Texas is in what's called a judicial emergency because of the number of vacancies in that state's courts—nine of them—and the number of cases per sitting judge. Both Cruz and Cornyn signed off on Grassley's foot-dragging. They didn't respond to Huffington Post's request for comment as to why they are letting their nominees languish. But a spokesperson for Hatch did.
"Senator Hatch doesn't want a person like Parrish to get caught up in unnecessary, partisan politics," Freire said Monday evening. "We want to give an opportunity to the new Congress to vote on these nominees."
Right. Refusing to give the go ahead on a nominee he has praised to high heaven isn't unnecessary, partisan politics. Hatch is above all that. He just wants his nominee to be held up again in the Republican Senate. Because he can.
Meanwhile, there are dozens of nominees who have made it out of committee and are waiting for floor votes. A handful are getting votes in this lame duck session, but only after Republicans have used every procedural trick they've got to waste time before every vote, forcing cloture on all of them and forcing every available minute used up. And this isn't about any concern they have with these nominees. For example, on Tuesday night three Georgia nominees, Mark Cohen, Eleanor Ross and Leslie Abrams, finally received votes. Abrams was confirmed unanimously, 100 to 0, and Cohen and Ross on voice votes.

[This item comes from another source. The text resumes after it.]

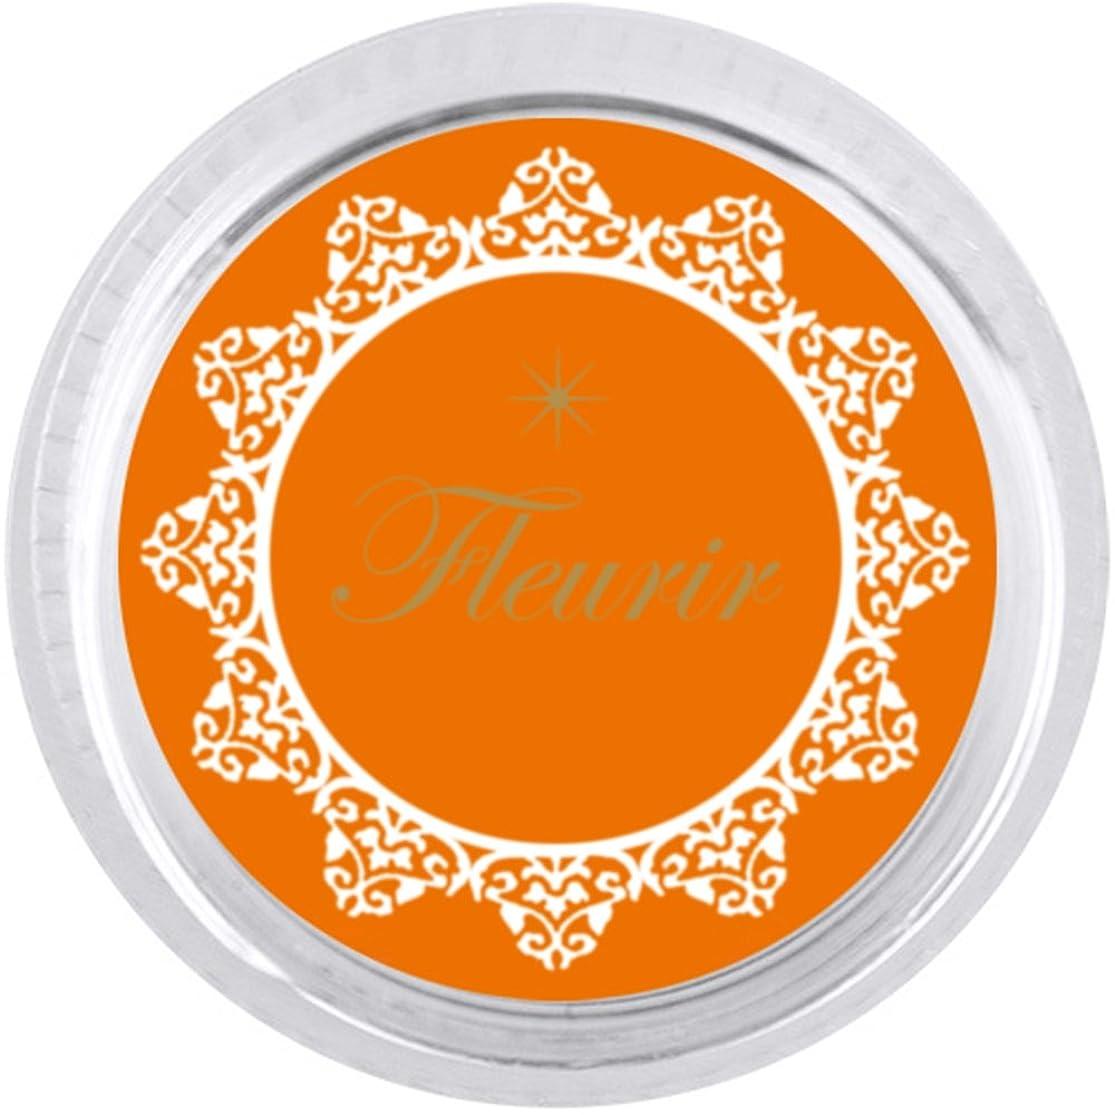 バッジ独特の壁紙カラーパウダー オレンジ

There's one more reform Reid could try to push through on these nominations—doing away with the "debate" time Republicans are insisting on using up unless they actually use it to debate the nominees. Short of that, there will be dozens of nominees that will not get their votes, and whose nominations will expire at the end of the year, and probably for good. Clearly, Grassley isn't going to be making these nominations much of a priority in the new Senate.